§ **PROBLEM STATEMENT**
Reproduce the records below exactly, but only between the lines holding "Martin Luther. Date/Period: 1532." and "Aave прогноз. Aave.", inclusive.

§ **MATERIAL FOR THE TASK**
──────────
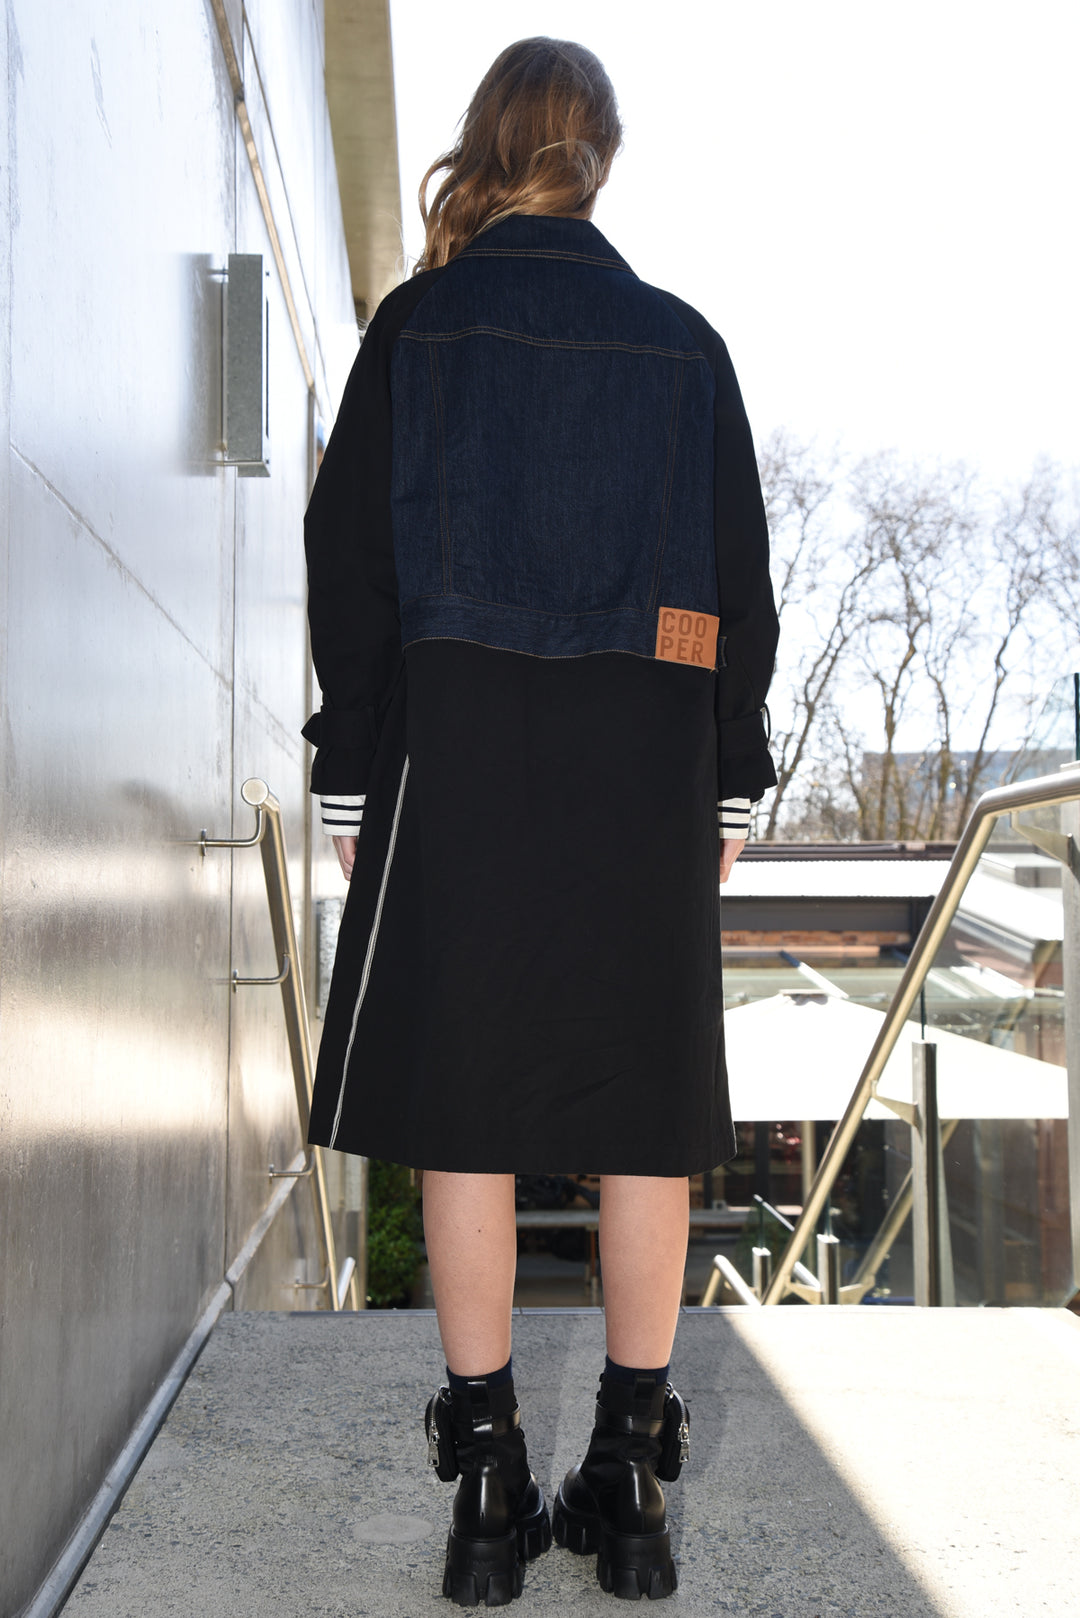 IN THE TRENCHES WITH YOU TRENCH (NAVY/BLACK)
──────────
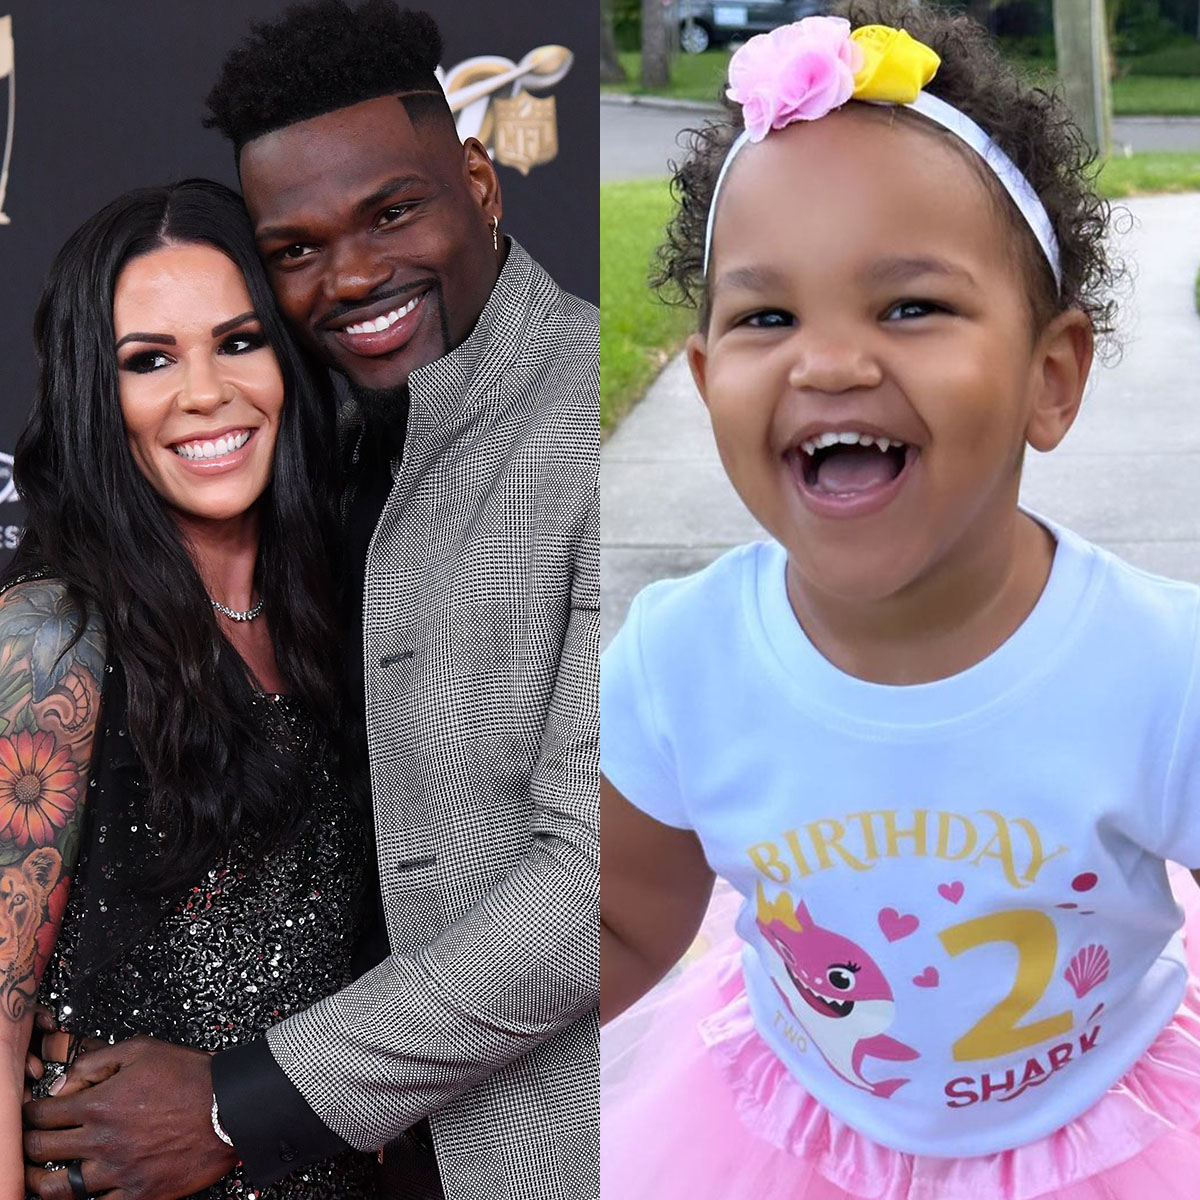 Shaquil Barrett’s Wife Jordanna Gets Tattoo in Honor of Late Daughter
──────────
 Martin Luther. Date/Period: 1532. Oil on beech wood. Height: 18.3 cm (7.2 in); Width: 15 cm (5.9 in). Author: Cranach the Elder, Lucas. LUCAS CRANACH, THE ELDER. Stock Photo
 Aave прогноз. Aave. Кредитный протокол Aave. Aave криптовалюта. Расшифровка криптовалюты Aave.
──────────
§ **ANSWER TO THIS PROBLEM**
 Martin Luther. Date/Period: 1532. Oil on beech wood. Height: 18.3 cm (7.2 in); Width: 15 cm (5.9 in). Author: Cranach the Elder, Lucas. LUCAS CRANACH, THE ELDER. Stock Photo
 Aave прогноз. Aave. Кредитный протокол Aave. Aave криптовалюта. Расшифровка криптовалюты Aave.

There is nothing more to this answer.